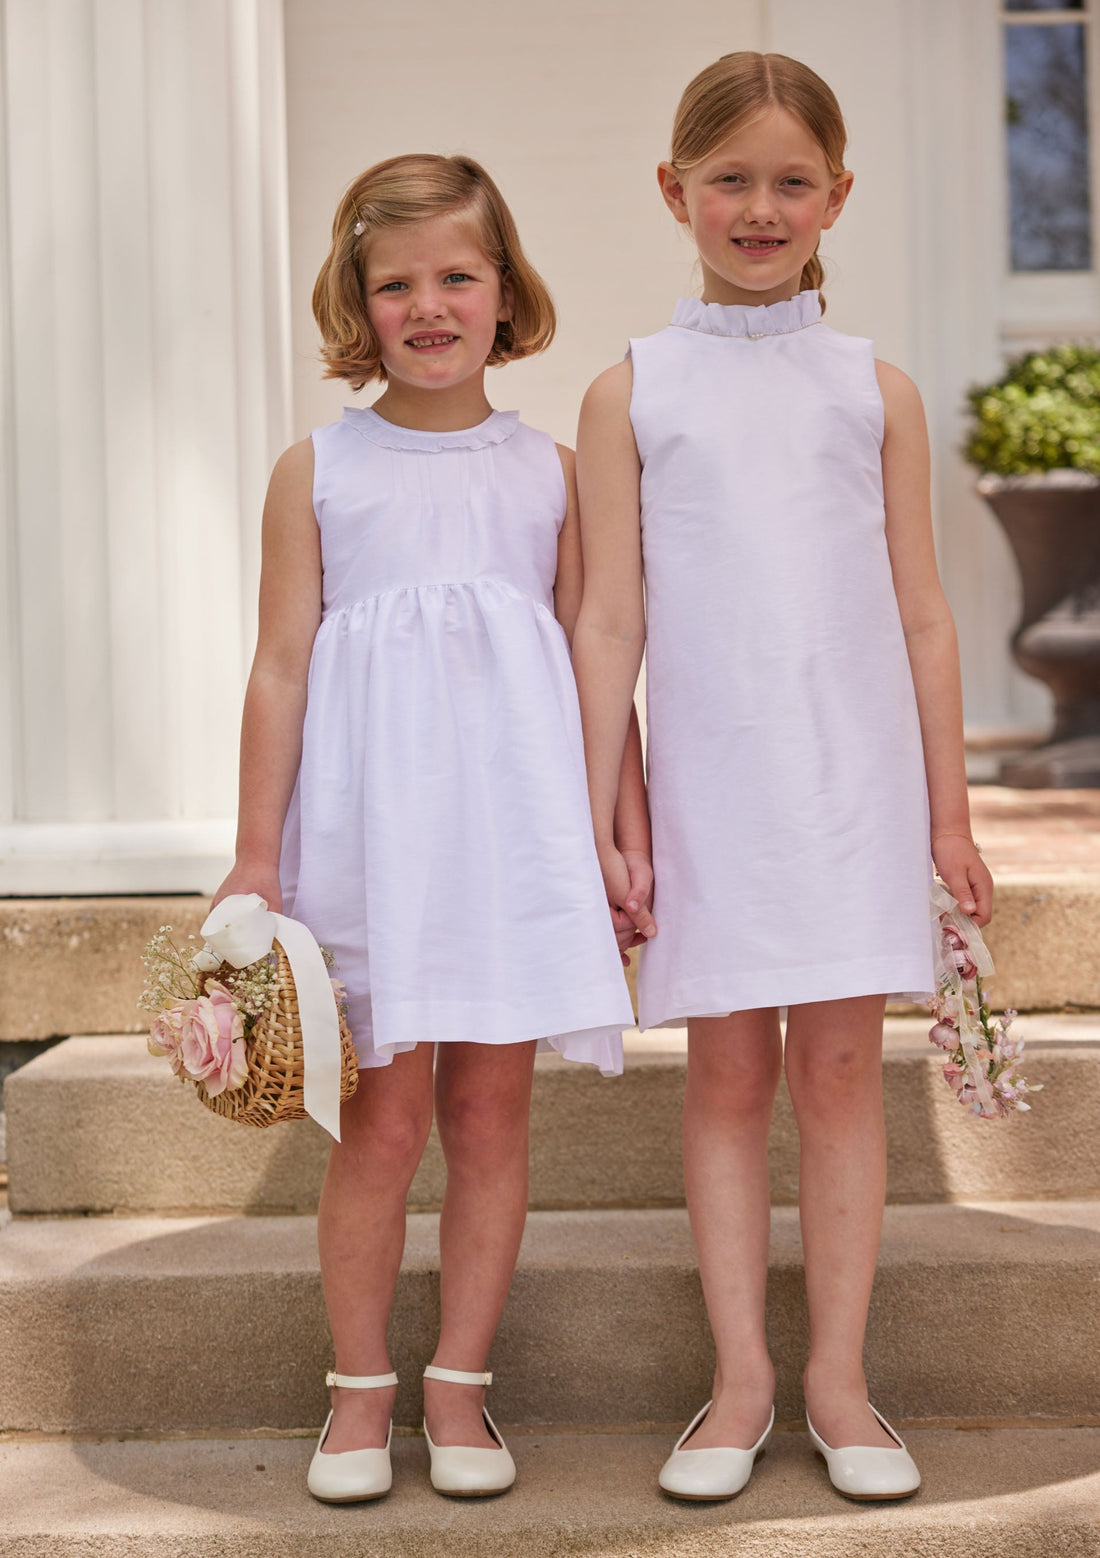 formal dresses for girls
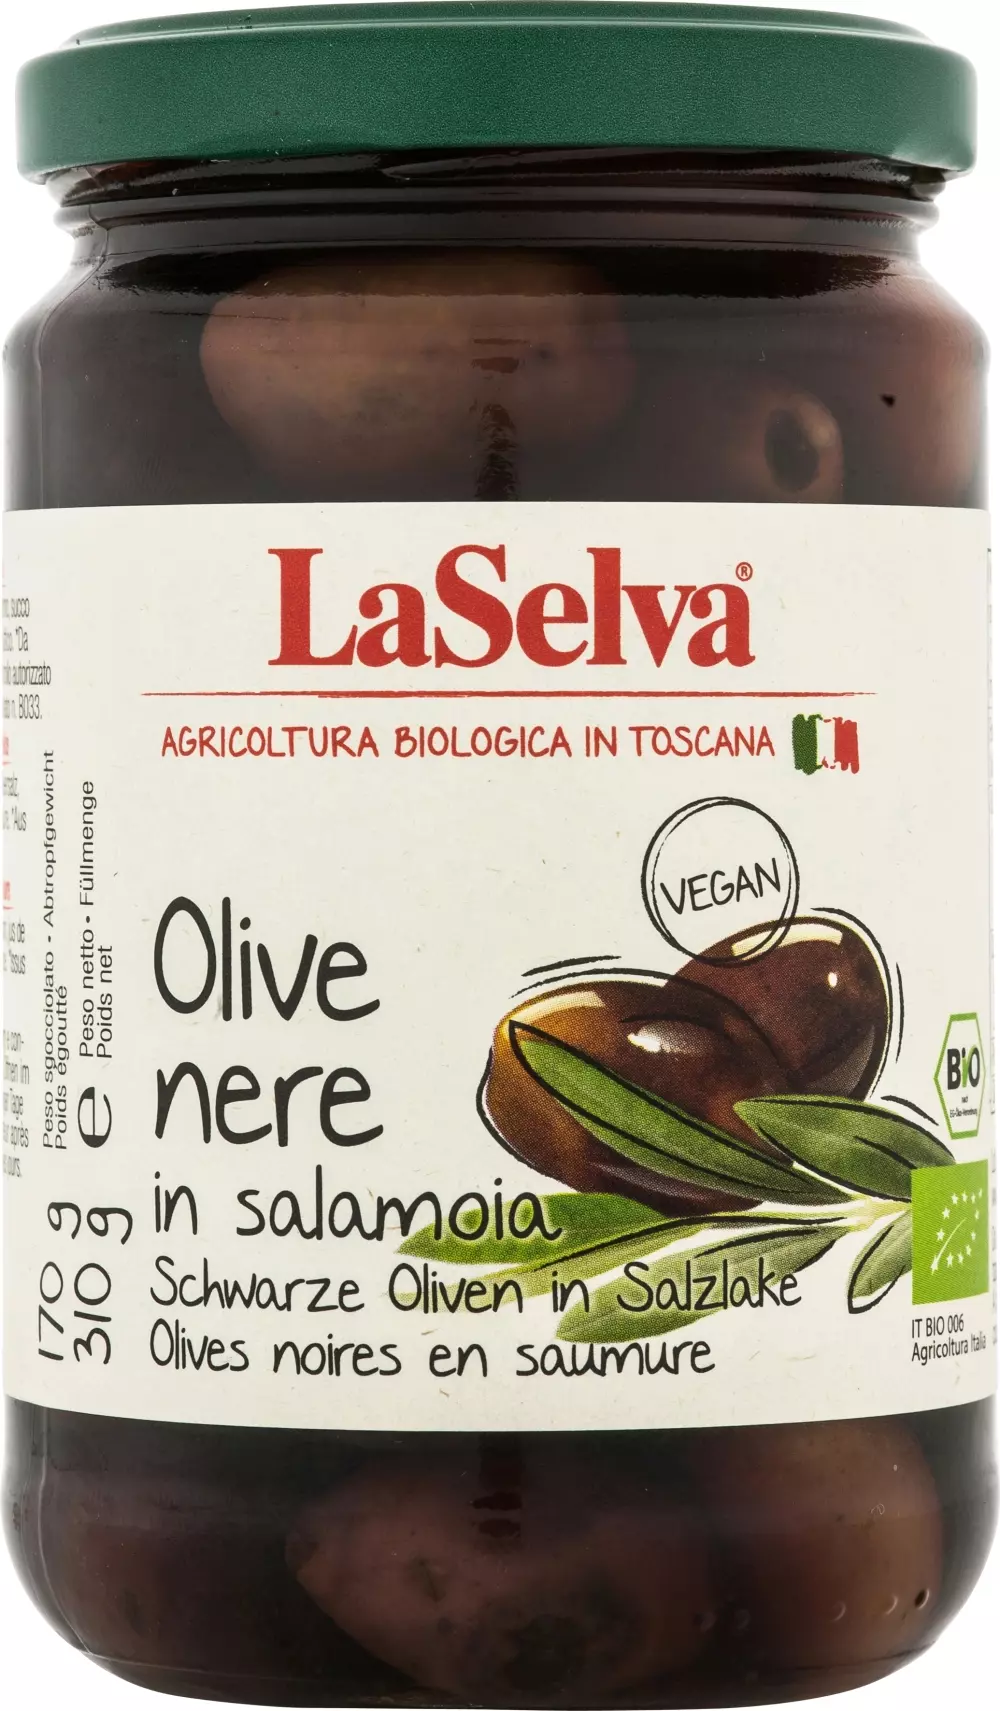 Olive nere 310g. Øko - La Selva, 8053323640127, 8018759001324, Oliven, med sten, La Selva Bio, 240057, Svarte oliven 310g. Øko - La Selva
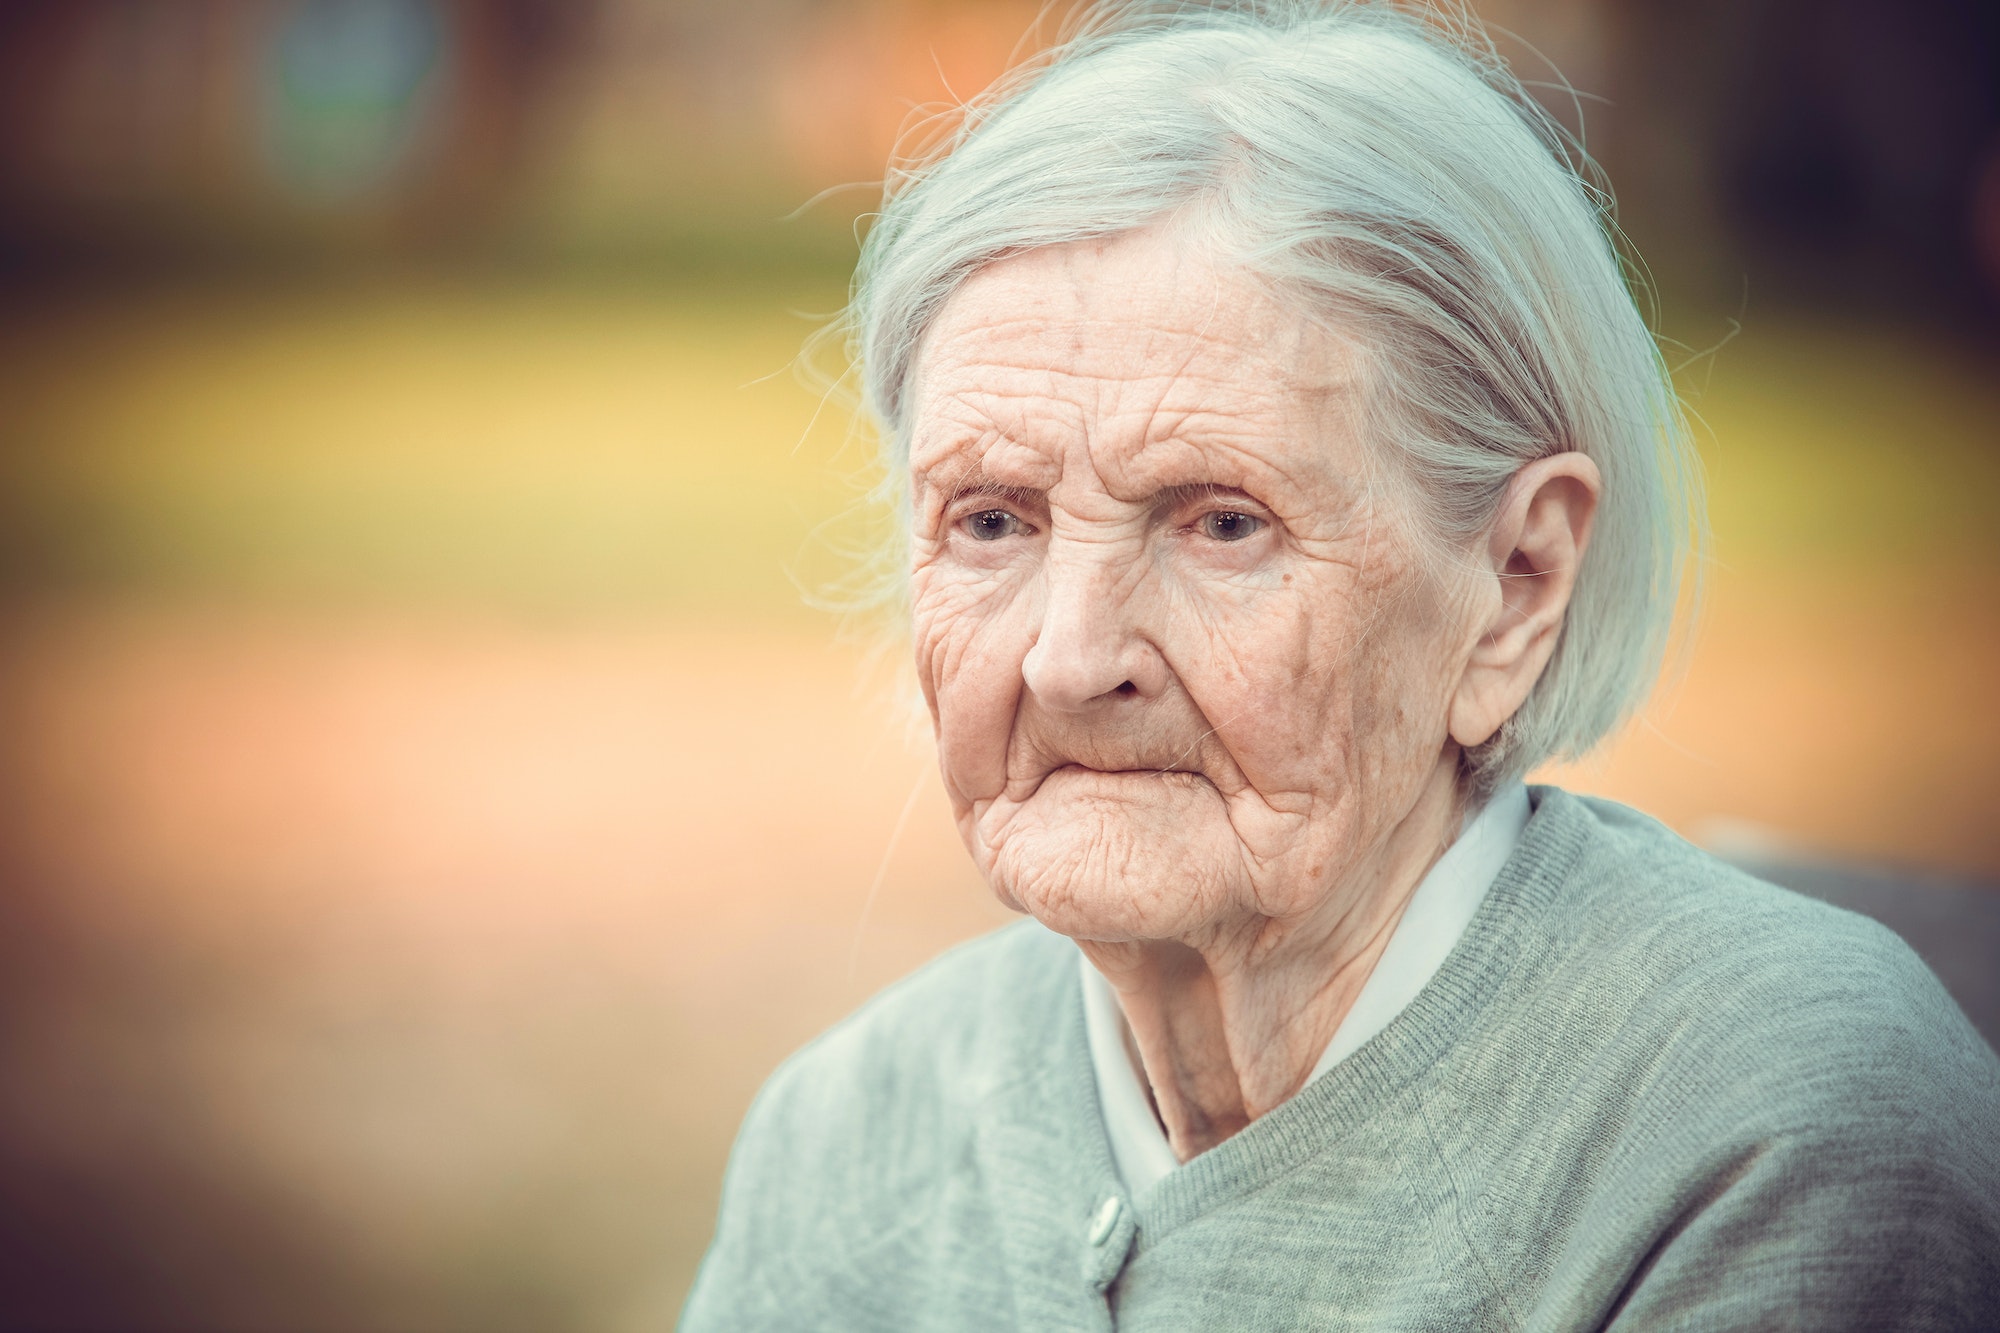 Portrait of pensive senior woman

[AIM OF THE TASK]
Output the listing above exactly, but leave its pictures behind.

[ANSWER BOX]
 formal dresses for girls
 Olive nere 310g. Øko - La Selva, 8053323640127, 8018759001324, Oliven, med sten, La Selva Bio, 240057, Svarte oliven 310g. Øko - La Selva
 Portrait of pensive senior woman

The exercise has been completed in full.